I tend to remember tasting notes that actually talk about a wine. There are certain writers who can go a bit overboard, either writing notes that are so bland that you can just copy-paste them for a series of wines, or going so deep into detail about the feelings a wine evoked that you would wonder if they aren’t trying to write the novel of the century.
It can be a lot of fun constructing a complex tasting note where you list every possible aroma you can come up with, but upon reading them I often wonder what on earth a critic was thinking when coming up with half anovel for one wine. Yes, it is clear that you liked it, but why did you like it? People sometimes resort to images or metaphors, a young lady on a bike, a fierce day in winter, autumn rain, rock chicks, etc etc. Ok, you are being original but you miss the point of a tasting note as it judges a wine on a purely personal level. Say your definition of a rock chick looks like Courtney Love and mine looks like Beth Ditto, I would be very surprised if we could both apply it to the same wine. Same goes with regards to those who refer to wine as sex in a glass, if this were truly the case, I would say you’re not doing it right!

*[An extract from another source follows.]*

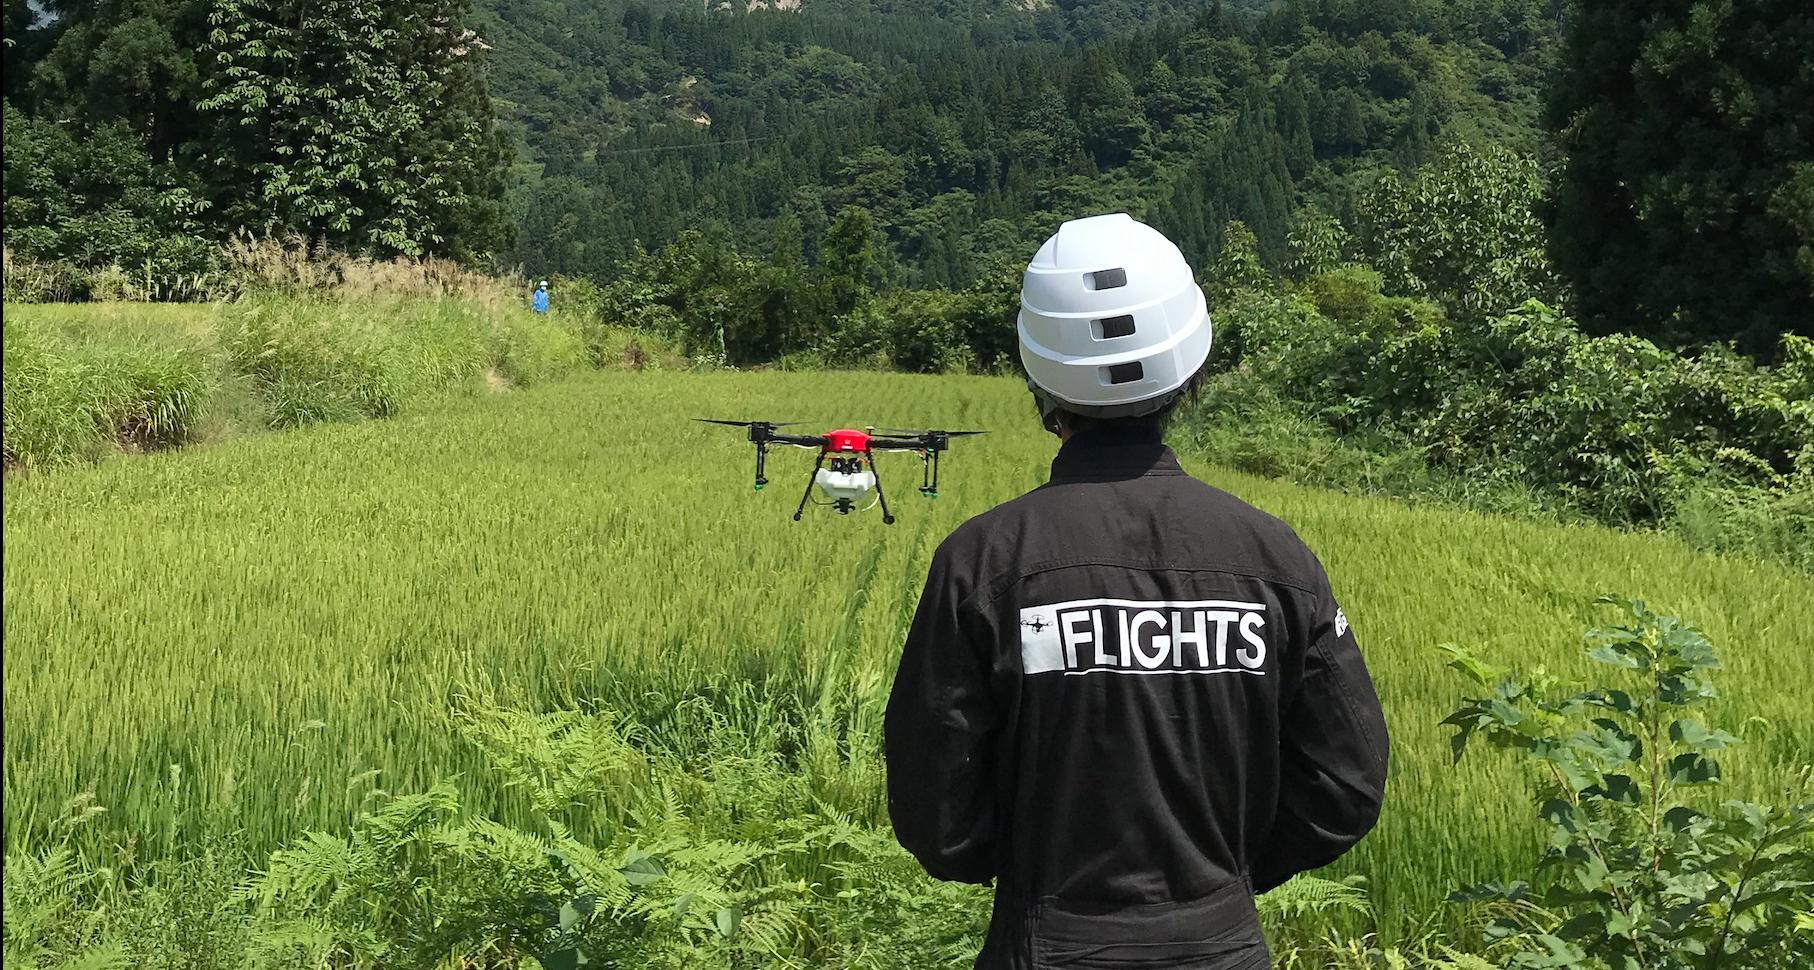 三重県農業研究所 × 農薬散布ドローン「FLIGHTS-AG」 水稲・大豆の防除技術確立に向けた共同研究契約締結
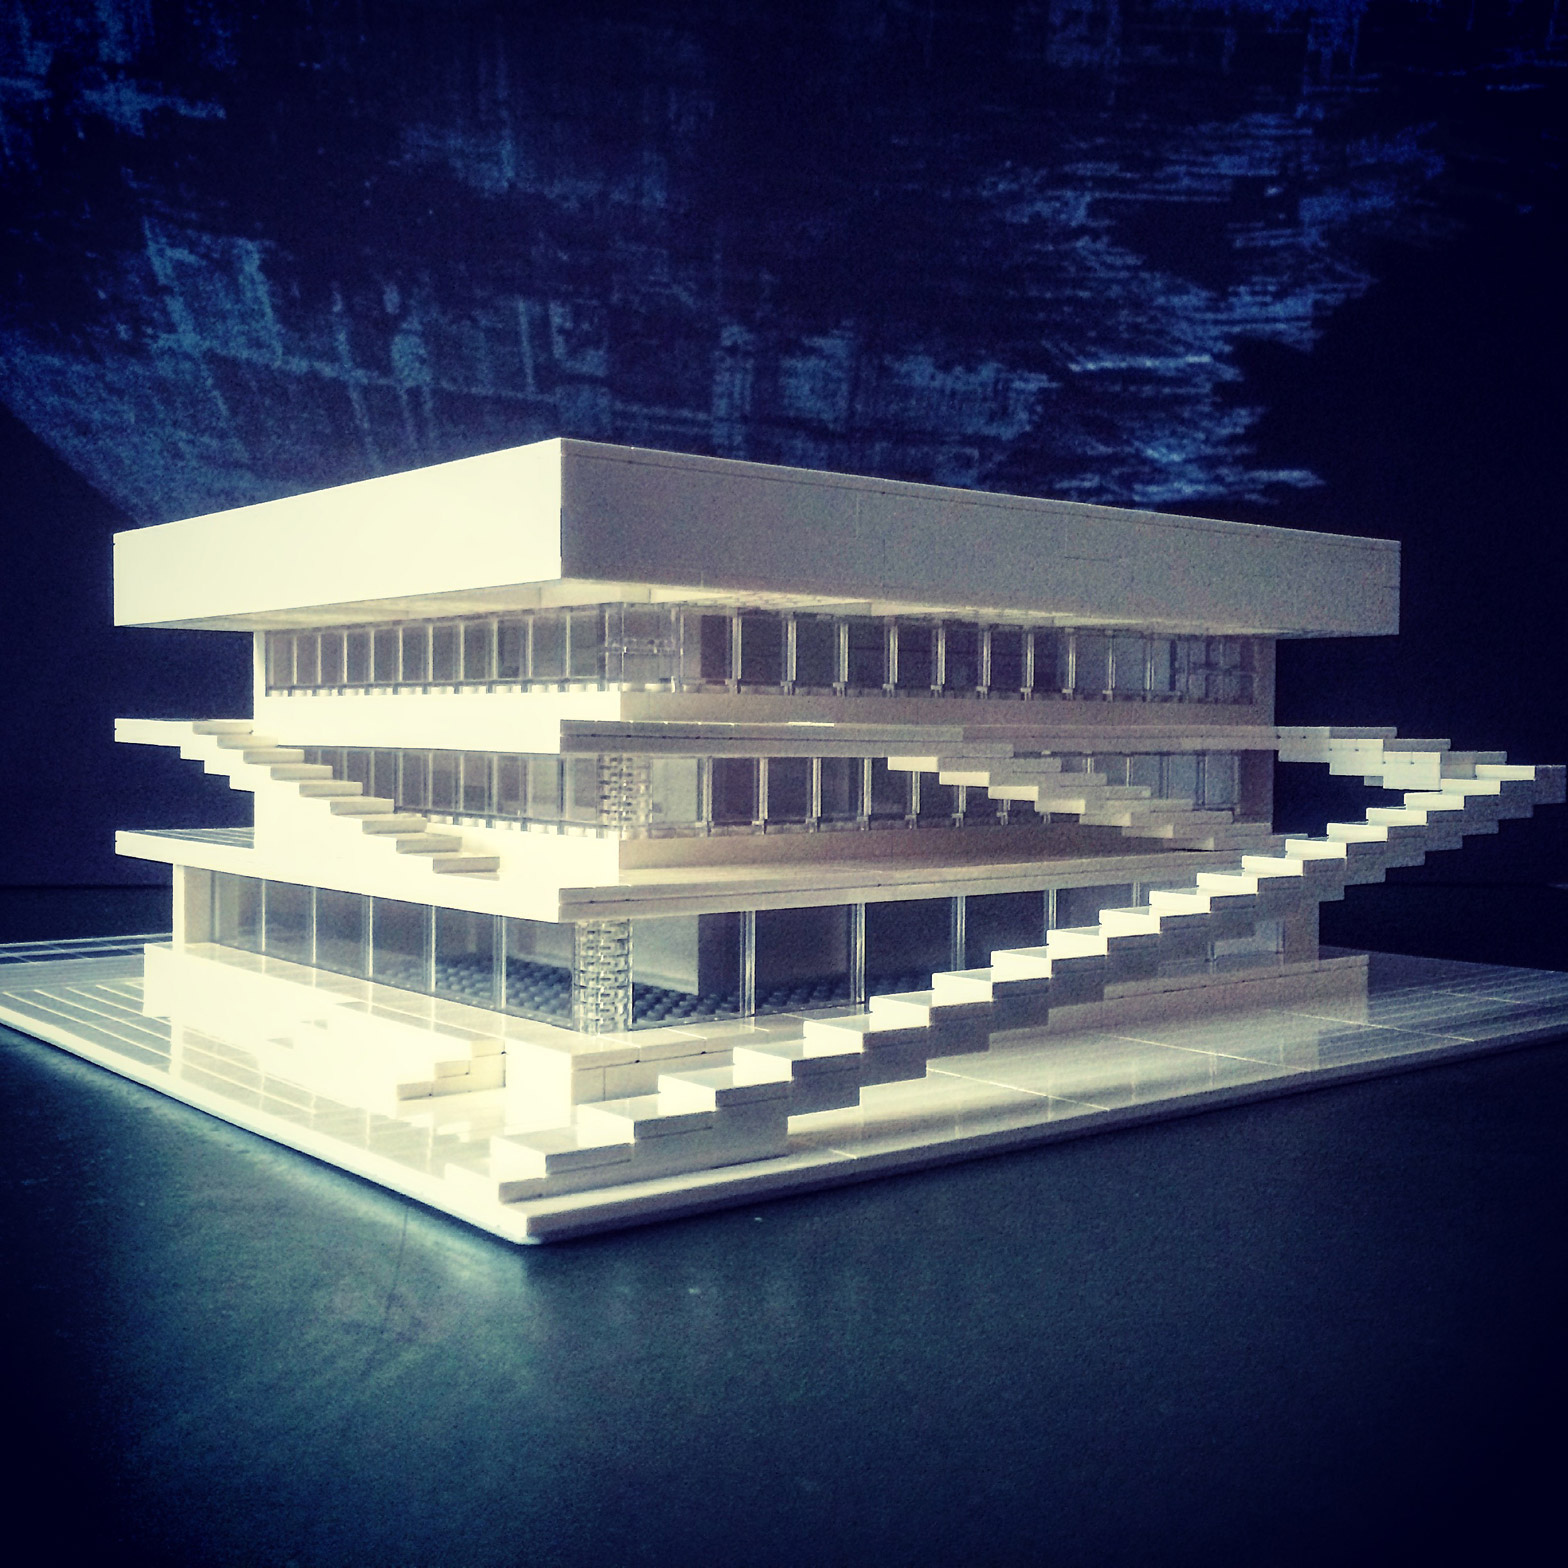 Uno de los modelos arquitectónicos de Arndt Schlaudraff

Finally, I am not a fan of scoring wines. The only time I would ever use a rating system would be when I was judging wines from the same appellation or the same style in the same vintage. When I taste 10 different wines, different styles, different regions and different vintages, how can I possibly give a score? Some will say that they are comparing the wine to every other similar wine they have tasted in their life but let’s just be honest and call this bullshit. Others will argue that they have a subset of scorings that they give (assuming you are still capable of mental math when you are on your thirtieth wine). Reaching back to the previous post, you cannot rule out subjectivity or personal preference even if it would seem that you are using a system. When we look at the most popular rating scale used in the States, we see that the minimum score out of a 100 is in theory 50 (what happened to good old 0?) but that in practice most scores start at 80 with a surprisingly high concentration around the nineties. You can argue that this allows you to put nuance in your score, but again, this makes what should be an objective rating system too personal.
Scoring wine reduces an experience to a number. 91/100 tells you nothing about a wine except that the taster liked it more than the one he scored 89, and that is only valid if you are talking about similar wines. I like the detailed tasting reports in Decanter but only if they compare apples to apples, if you take a tasting note from the review of 2013 Rhone you cannot assume that the score has the same value as one on 2011 Rosso di Montalcino. People often completely disregard the context of a score and does this then really do justice to a wine, to someone’s hard work that goes in it? Don’t pick a bottle just because it got a high score from an international critic like Robert Parker or a local critic in the Sunday newspaper, try to discover what you like yourself and look for critics or tasters that you can trust when it comes to identifying winners in a vintage, style or region. Read tasting notes, not just the meaningless scores that so often accompany them!